Monday, December 7, 2009

Paper & Bows

I have not gotten any better at wrapping gifts… Lisa always wrapped all the gifts. Heck, I can even remember her wrapping my brothers gifts for him a couple of times when he was still single and spent Christmas with us. He would roll in on Christmas eve and have bags full of stuff for the kids. Lisa didn’t approve of his wrapping paper which consisted of big black hefty bags and some of those pre-made bows. She would wait until the kids went to bed and then she would wrap his stuff for him. That was some years ago and now he has a family of his own and a wonderful wife that wraps his gifts for him.

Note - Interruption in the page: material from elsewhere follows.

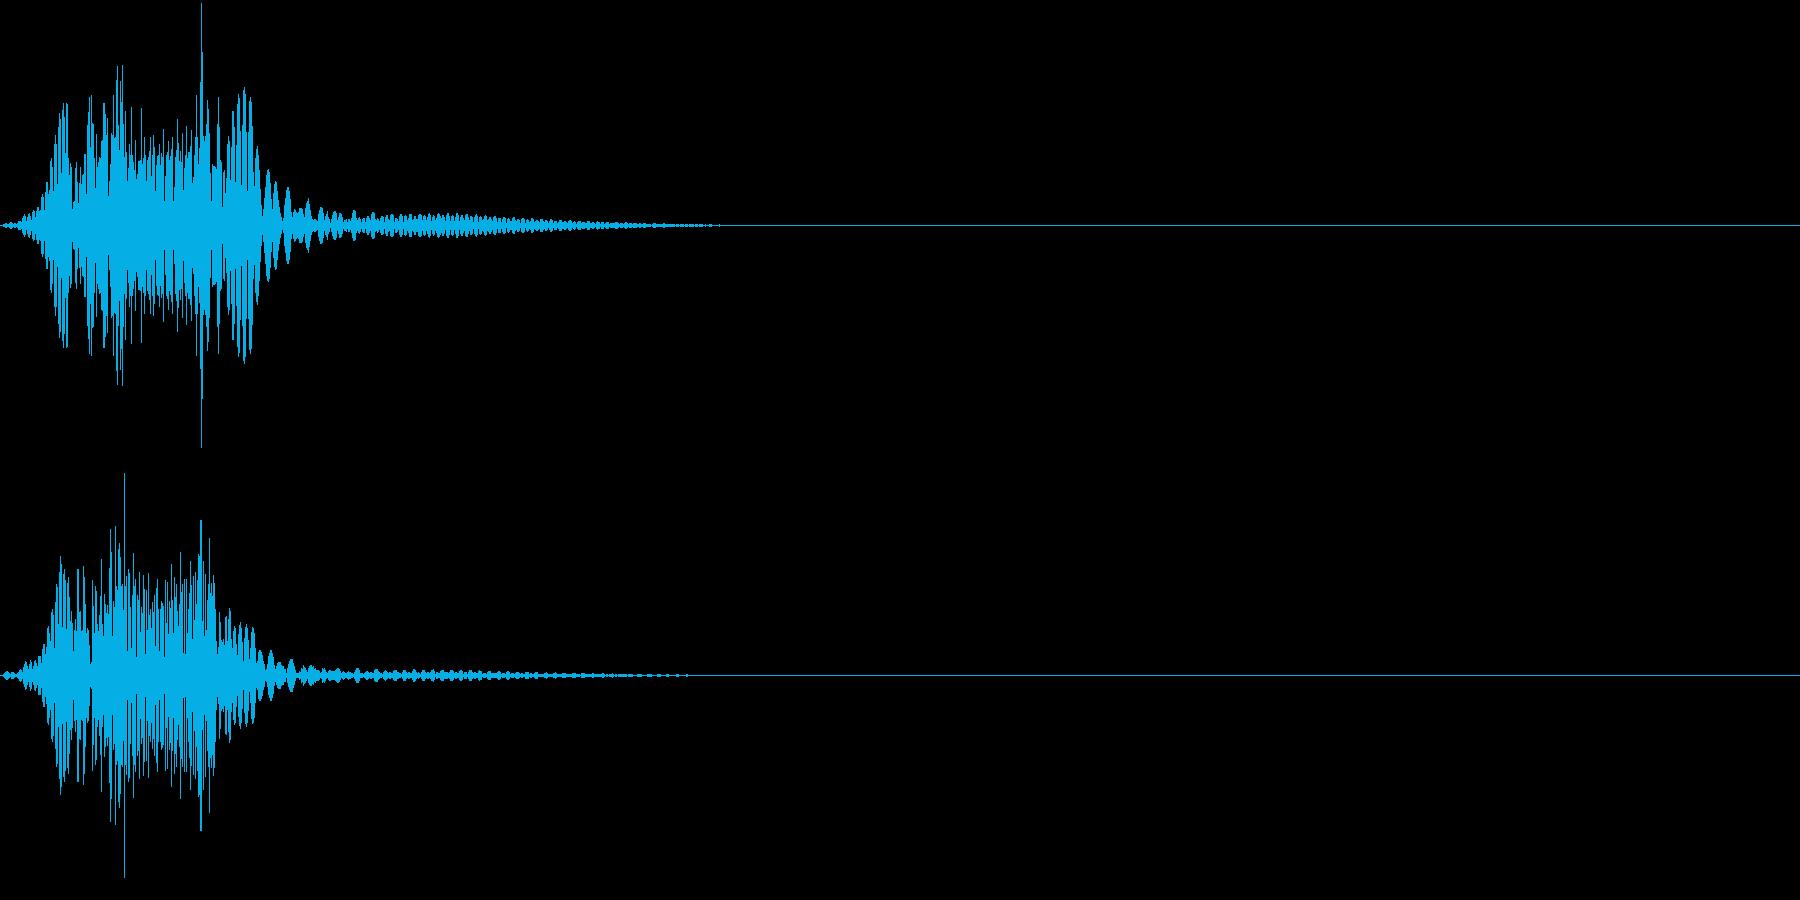 Push 汎用決定・セレクト音 1の再生済みの波形

Yesterday evening Matt was out and I was alone again. I decided to spend some time at the kitchen table wrapping the few gifts that I have found time to purchase. It was pretty quiet so I did the same thing Lisa did. I put on some Christmas music went to work on the gifts. The memories flooded back to me. I tried to live in the moment and just enjoy the task at hand. I could imagine her in my mind tenderly wrapping each gift and making the bows by hand. I was always amazed at how wonderful her wrapping looked and how beautiful her bows were.

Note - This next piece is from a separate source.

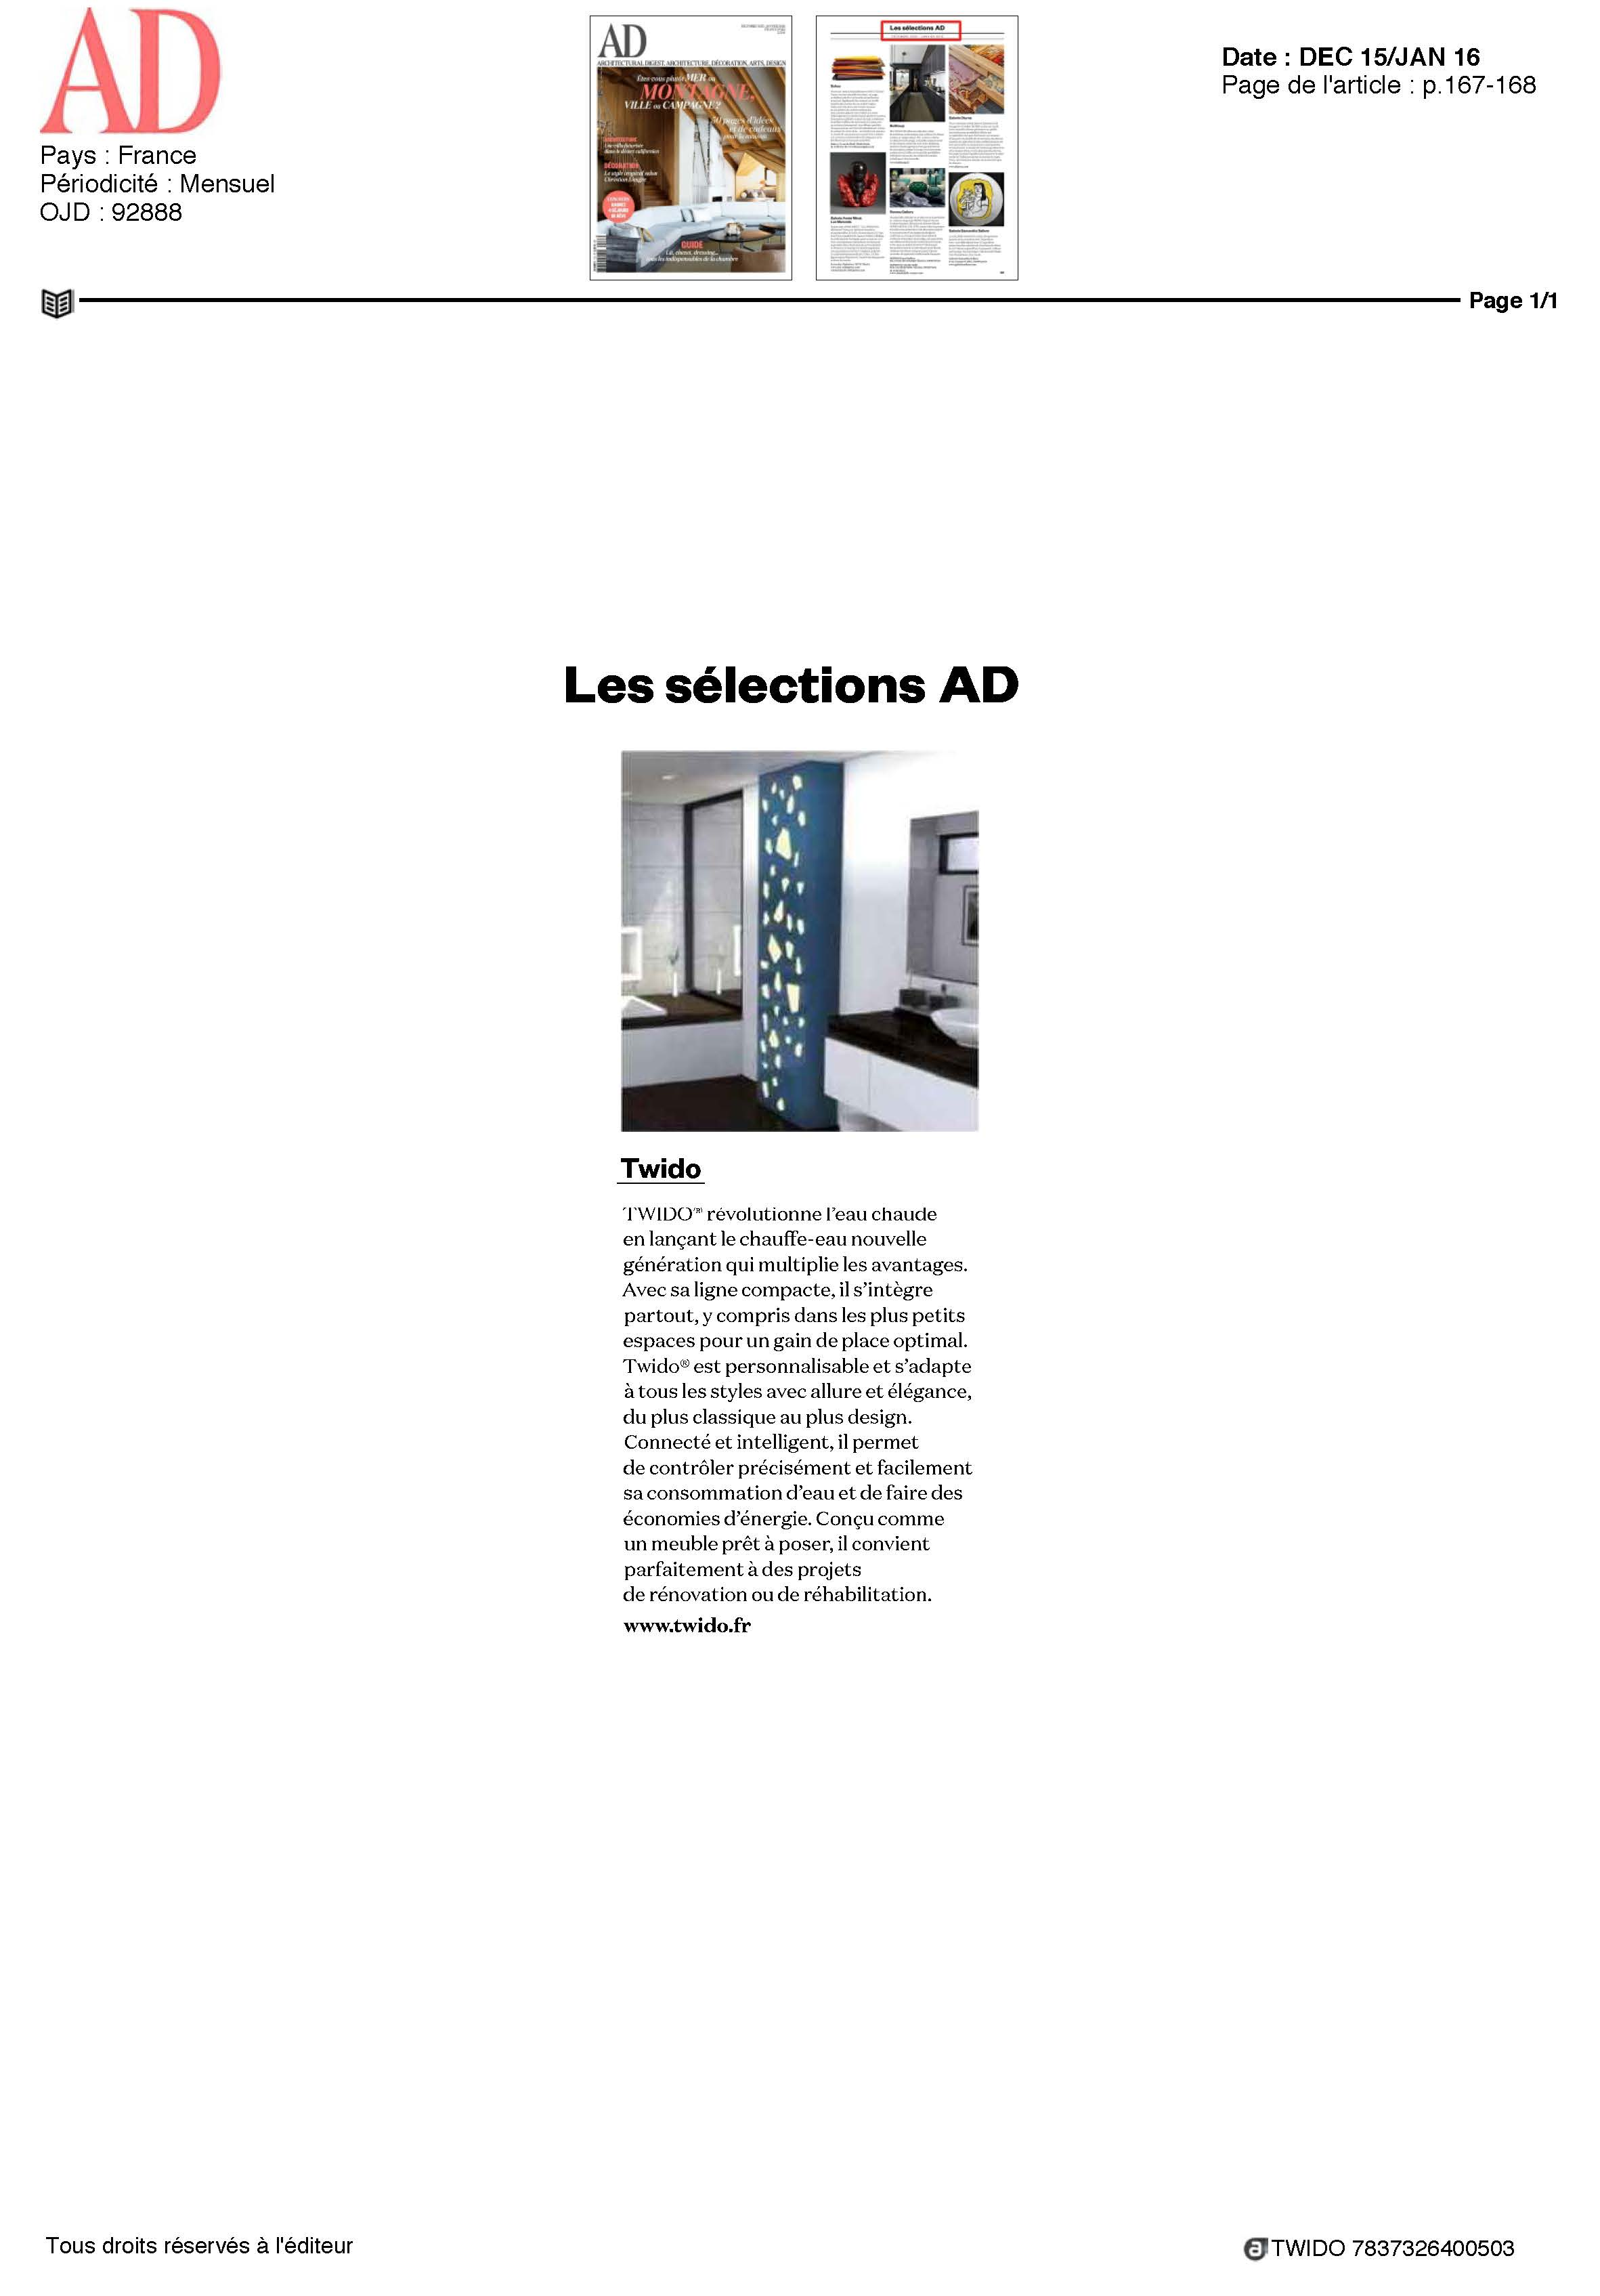 AD selectionne Twido

I could think of nothing but her and all the years that we had spent together. It continues to get easier to think about her without it hurting so very much. Two years ago, this task would have meant a melt down and the feeling of complete and utter devastation. Yesterday, though, it felt good to think about her. I was comfortable in my thoughts and delighted with her presents in my mind. Yesterday it was almost like she was there looking over my shoulder with disapproval as I stuck those tacky little pre-made bows on the packages. I am sure, however, she was approving the fact that I at least did not use those big black hefty bags for wrapping.